Work instruction: Within the entries below, please return exactly the lines from the one with "Appendix E Wireless" through the one with "Width: 2.0 cm", leaving out any pictures.

Data for processing:
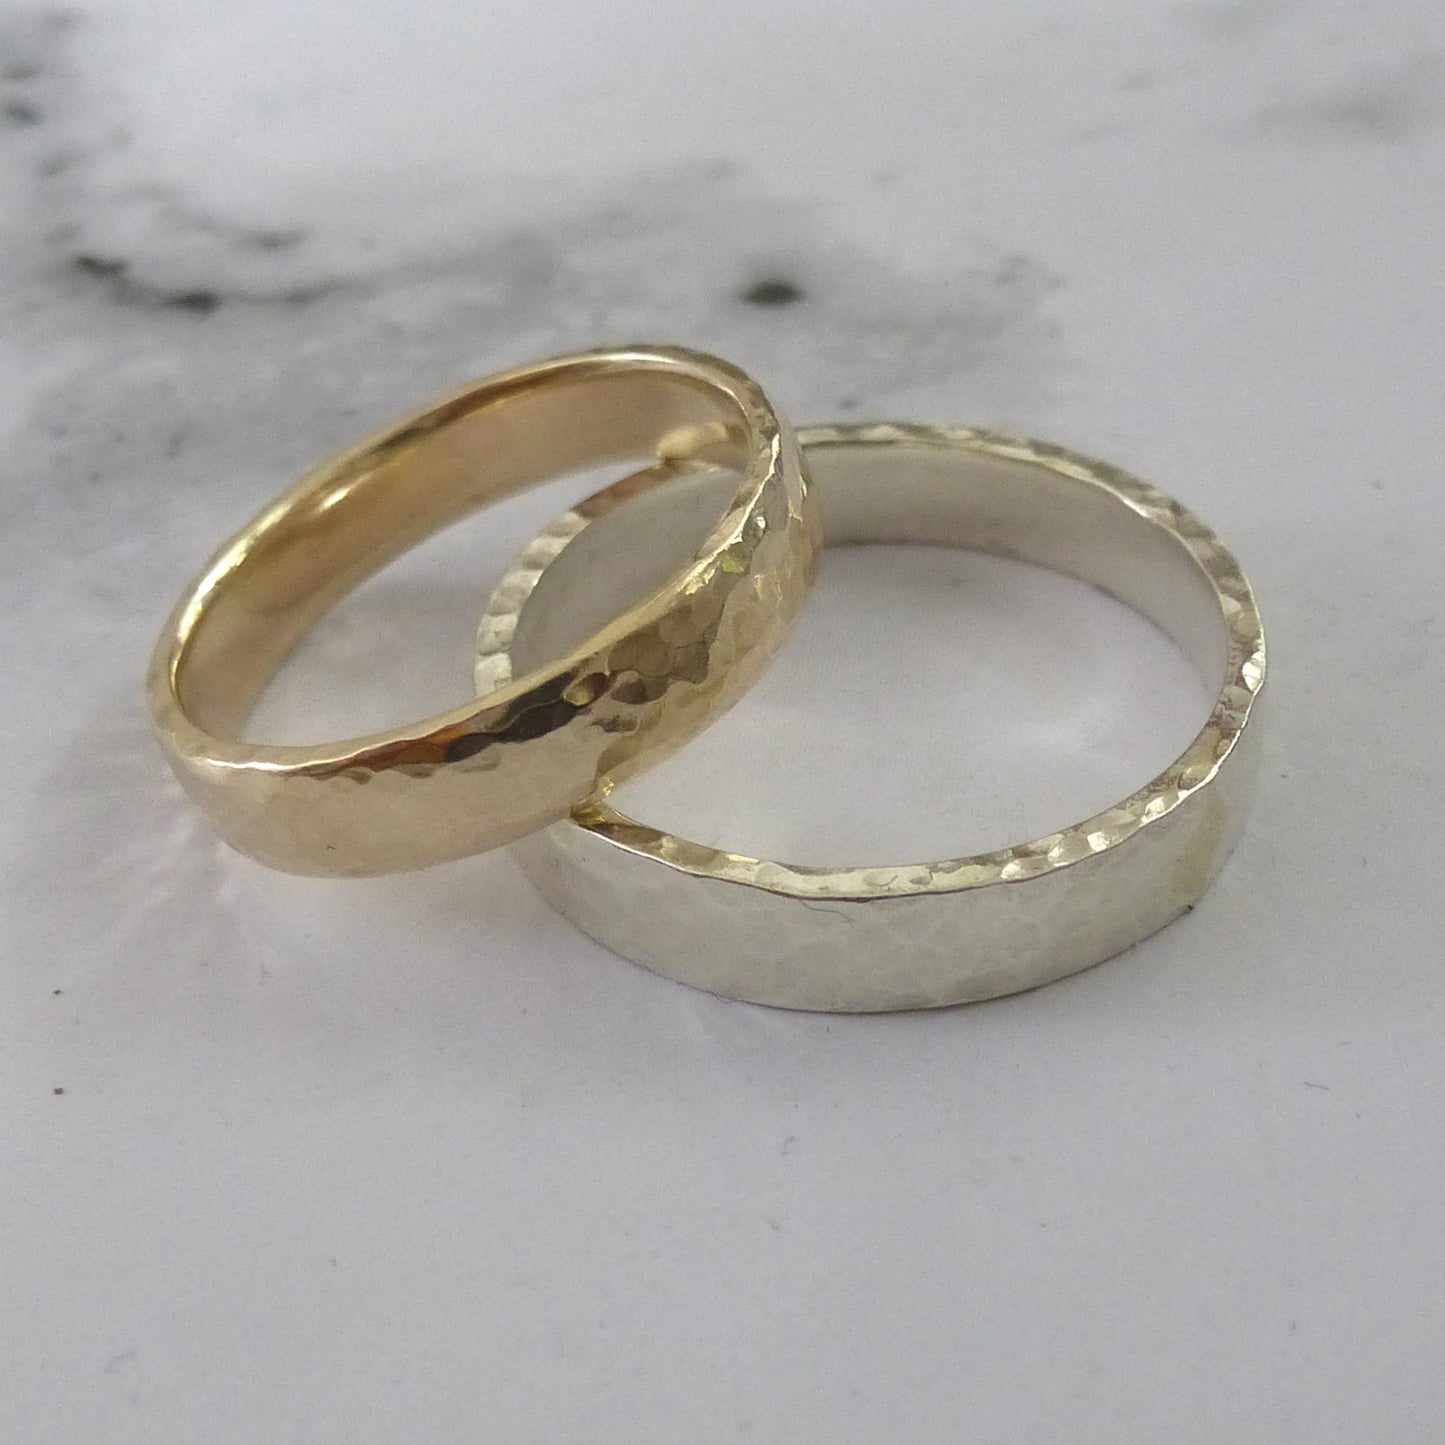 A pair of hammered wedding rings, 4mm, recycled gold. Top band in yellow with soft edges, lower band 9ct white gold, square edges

...

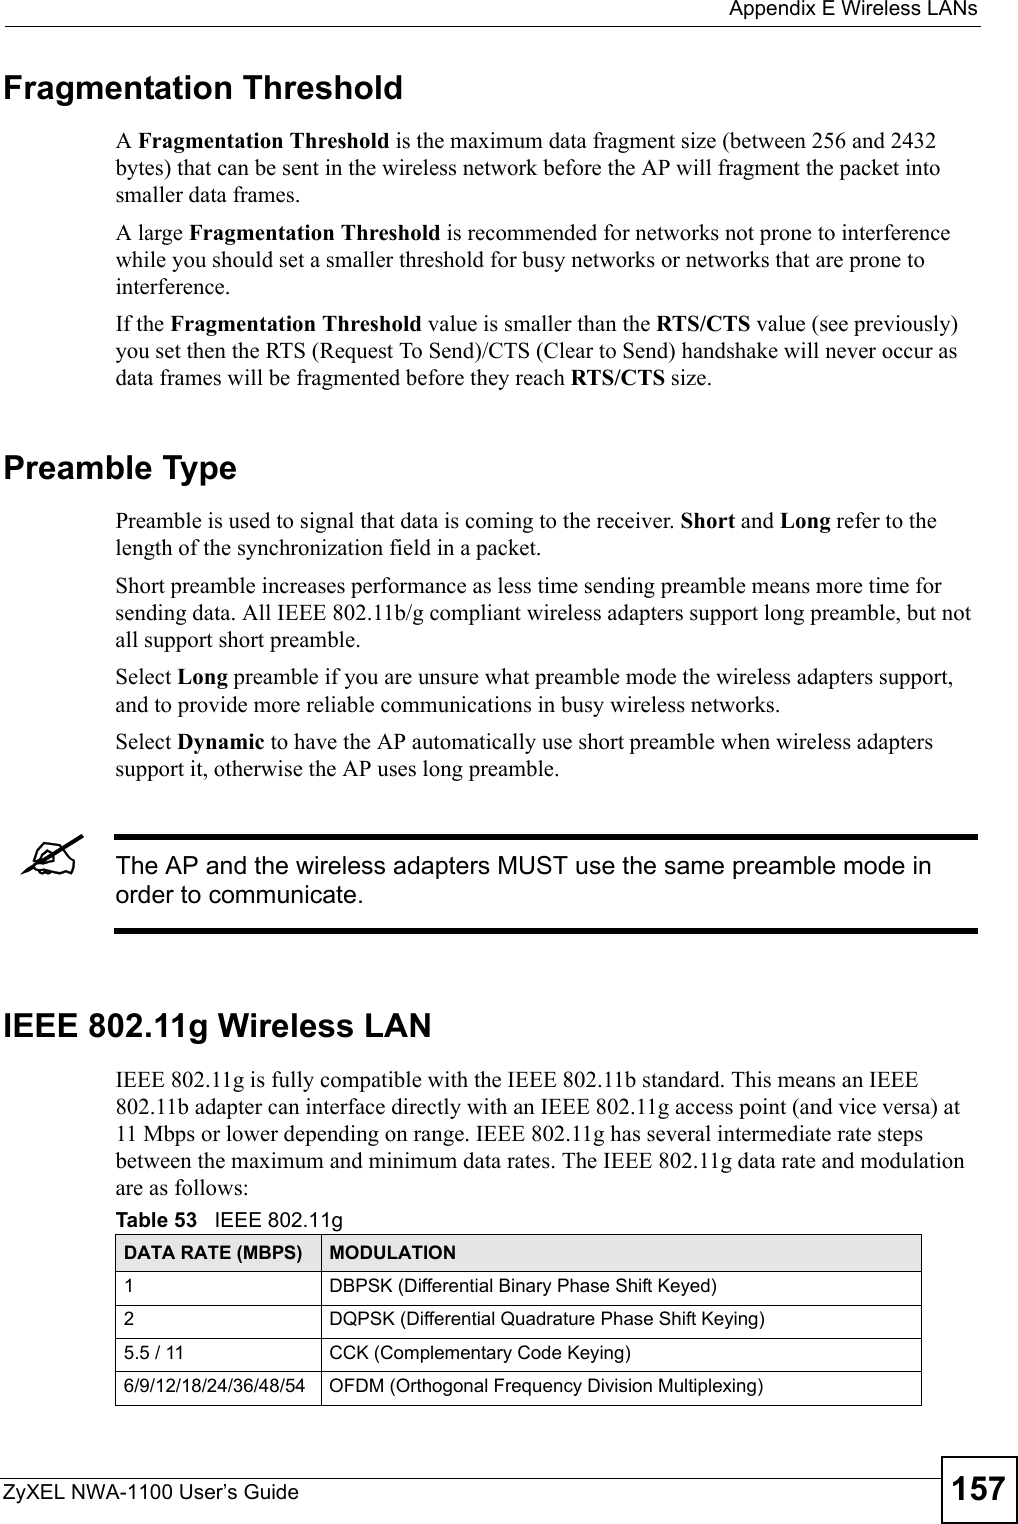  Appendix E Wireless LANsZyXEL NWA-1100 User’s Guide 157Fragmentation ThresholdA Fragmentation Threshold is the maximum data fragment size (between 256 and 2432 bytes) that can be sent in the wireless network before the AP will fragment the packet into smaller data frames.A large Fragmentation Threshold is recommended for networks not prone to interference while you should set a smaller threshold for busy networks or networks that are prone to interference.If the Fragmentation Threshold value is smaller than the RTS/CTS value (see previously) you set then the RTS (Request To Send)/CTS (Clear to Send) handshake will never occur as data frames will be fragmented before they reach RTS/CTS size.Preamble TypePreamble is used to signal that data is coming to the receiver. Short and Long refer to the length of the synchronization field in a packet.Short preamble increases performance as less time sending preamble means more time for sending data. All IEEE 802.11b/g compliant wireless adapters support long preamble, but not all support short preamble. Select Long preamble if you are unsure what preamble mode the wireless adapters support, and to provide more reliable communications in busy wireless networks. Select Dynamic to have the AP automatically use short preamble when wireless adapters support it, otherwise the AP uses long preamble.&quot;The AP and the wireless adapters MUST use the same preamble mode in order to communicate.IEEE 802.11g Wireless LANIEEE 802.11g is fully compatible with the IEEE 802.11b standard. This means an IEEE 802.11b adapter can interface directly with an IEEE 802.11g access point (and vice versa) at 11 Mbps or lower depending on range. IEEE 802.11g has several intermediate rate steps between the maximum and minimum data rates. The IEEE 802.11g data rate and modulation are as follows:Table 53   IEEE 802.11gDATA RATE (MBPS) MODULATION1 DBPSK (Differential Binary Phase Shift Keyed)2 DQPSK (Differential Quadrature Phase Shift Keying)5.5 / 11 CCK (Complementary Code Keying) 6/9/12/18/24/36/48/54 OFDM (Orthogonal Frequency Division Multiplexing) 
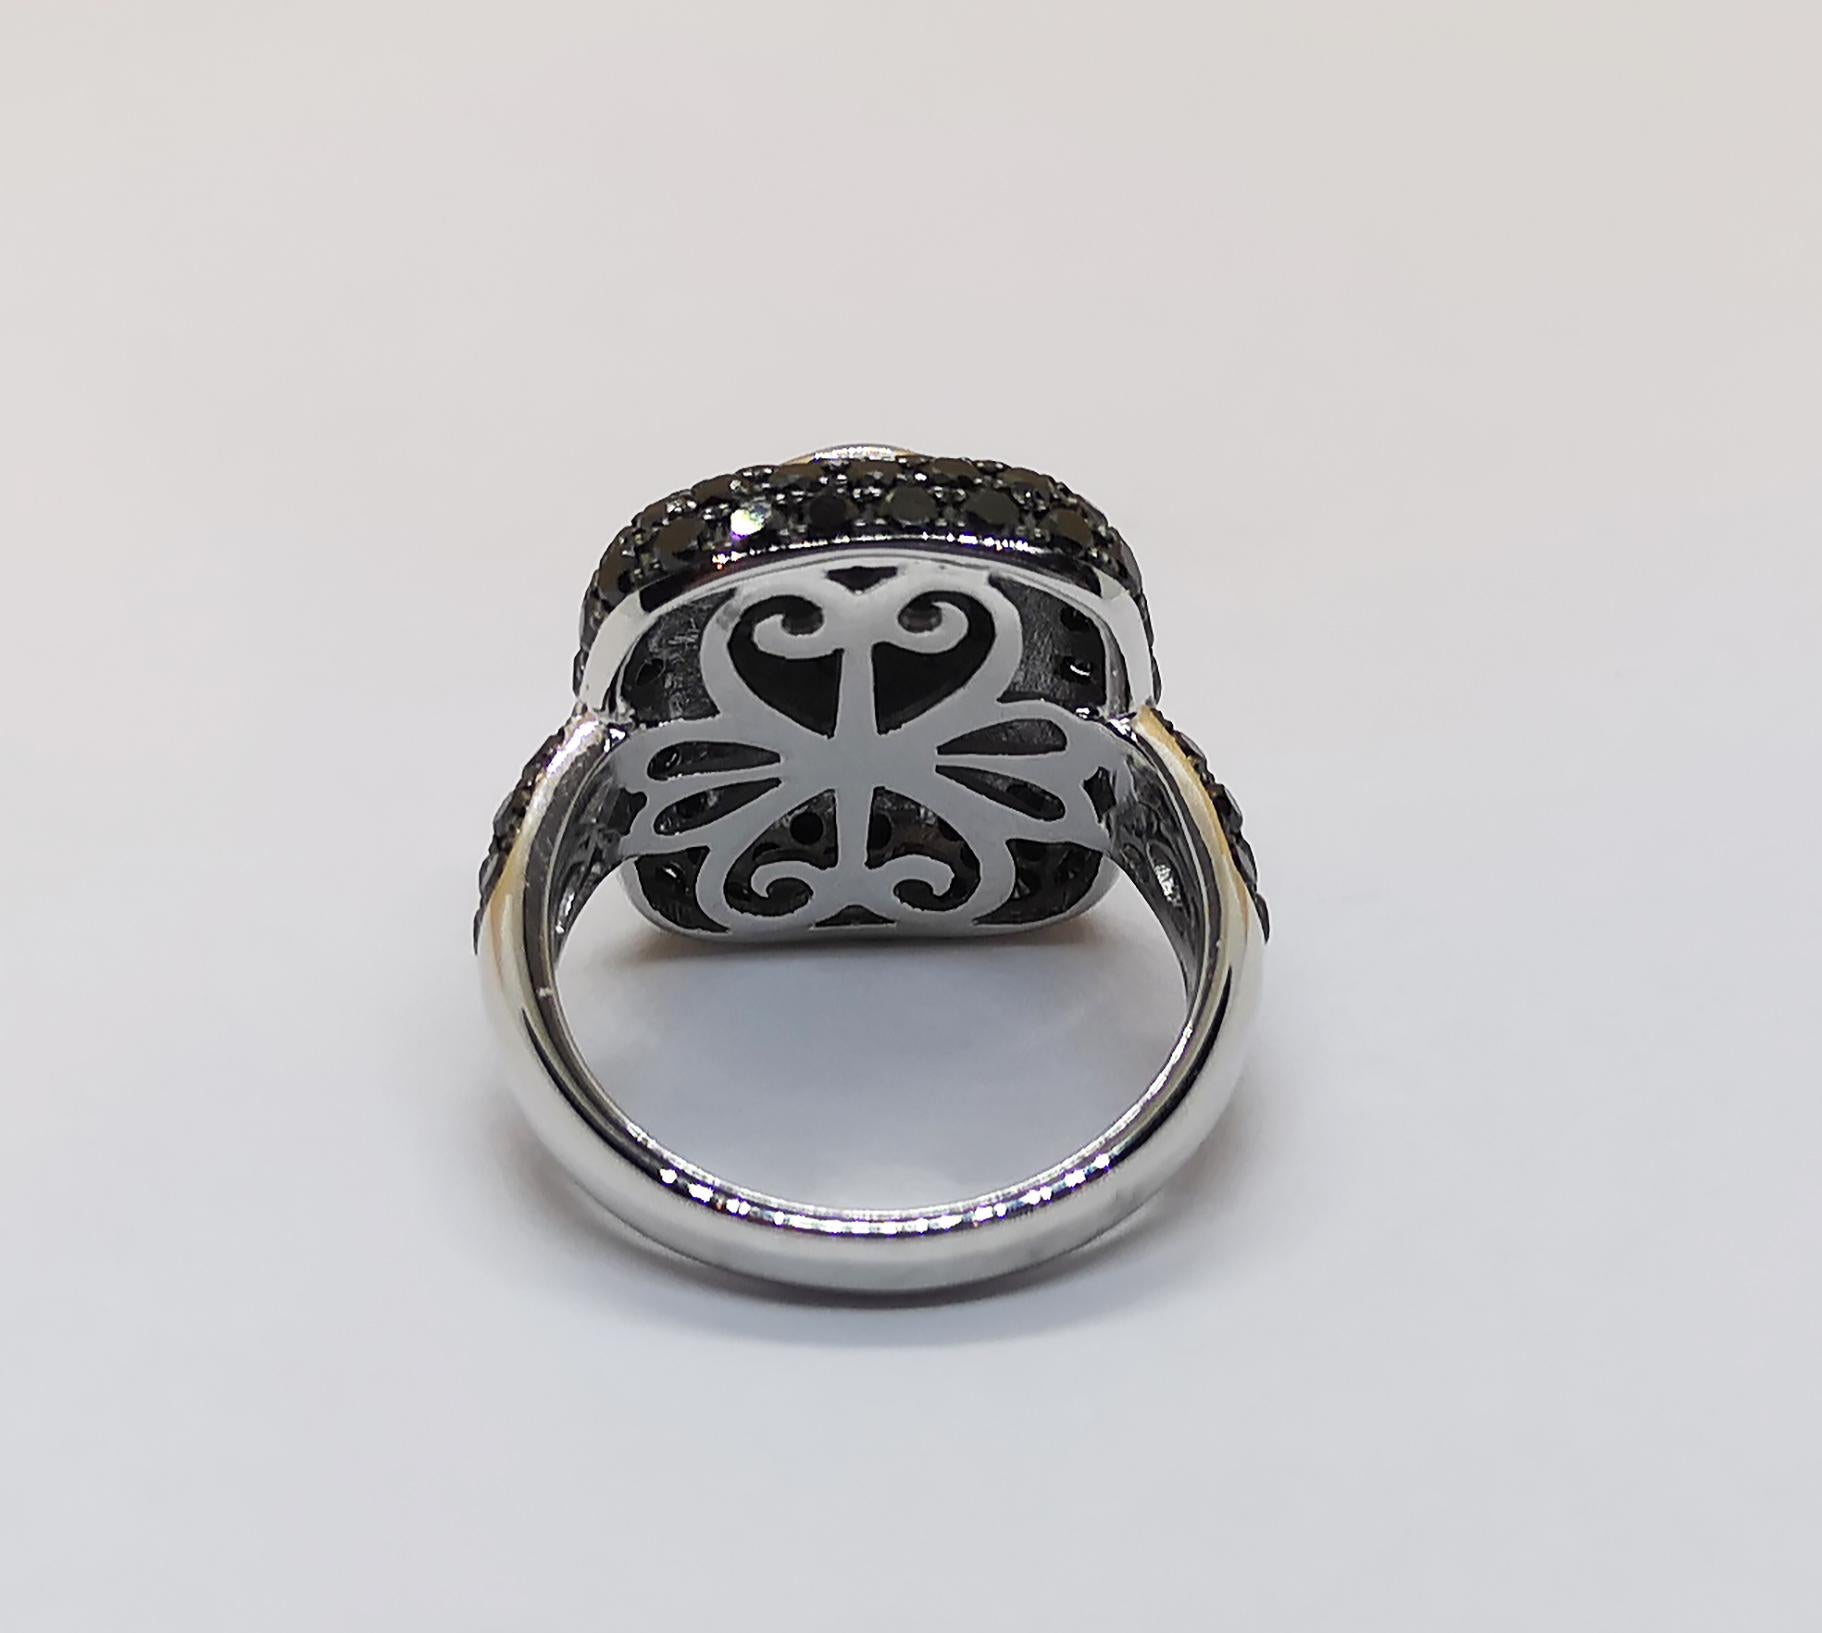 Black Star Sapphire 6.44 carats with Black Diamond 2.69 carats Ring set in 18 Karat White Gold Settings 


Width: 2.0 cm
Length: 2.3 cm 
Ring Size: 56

* * *

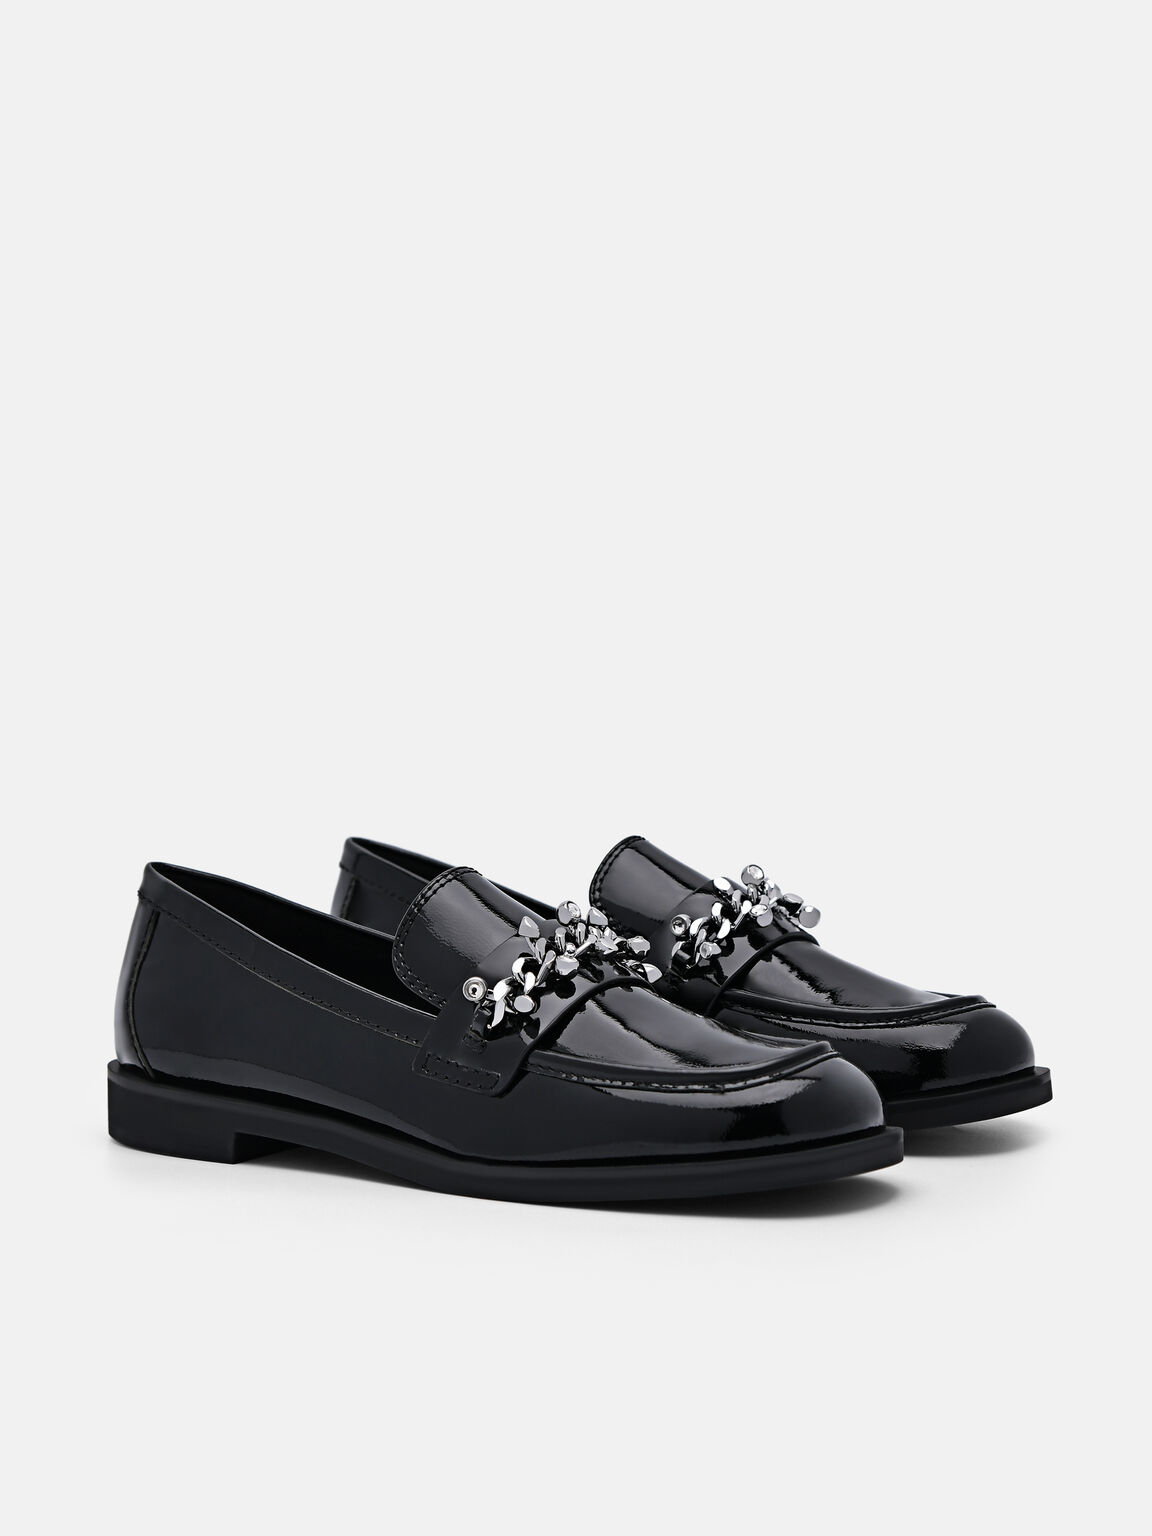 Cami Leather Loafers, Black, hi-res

Reply to the task:
  Appendix E Wireless LANsZyXEL NWA-1100 User’s Guide 157Fragmentation ThresholdA Fragmentation Threshold is the maximum data fragment size (between 256 and 2432 bytes) that can be sent in the wireless network before the AP will fragment the packet into smaller data frames.A large Fragmentation Threshold is recommended for networks not prone to interference while you should set a smaller threshold for busy networks or networks that are prone to interference.If the Fragmentation Threshold value is smaller than the RTS/CTS value (see previously) you set then the RTS (Request To Send)/CTS (Clear to Send) handshake will never occur as data frames will be fragmented before they reach RTS/CTS size.Preamble TypePreamble is used to signal that data is coming to the receiver. Short and Long refer to the length of the synchronization field in a packet.Short preamble increases performance as less time sending preamble means more time for sending data. All IEEE 802.11b/g compliant wireless adapters support long preamble, but not all support short preamble. Select Long preamble if you are unsure what preamble mode the wireless adapters support, and to provide more reliable communications in busy wireless networks. Select Dynamic to have the AP automatically use short preamble when wireless adapters support it, otherwise the AP uses long preamble.&quot;The AP and the wireless adapters MUST use the same preamble mode in order to communicate.IEEE 802.11g Wireless LANIEEE 802.11g is fully compatible with the IEEE 802.11b standard. This means an IEEE 802.11b adapter can interface directly with an IEEE 802.11g access point (and vice versa) at 11 Mbps or lower depending on range. IEEE 802.11g has several intermediate rate steps between the maximum and minimum data rates. The IEEE 802.11g data rate and modulation are as follows:Table 53   IEEE 802.11gDATA RATE (MBPS) MODULATION1 DBPSK (Differential Binary Phase Shift Keyed)2 DQPSK (Differential Quadrature Phase Shift Keying)5.5 / 11 CCK (Complementary Code Keying) 6/9/12/18/24/36/48/54 OFDM (Orthogonal Frequency Division Multiplexing) 
 Black Star Sapphire 6.44 carats with Black Diamond 2.69 carats Ring set in 18 Karat White Gold Settings 


Width: 2.0 cm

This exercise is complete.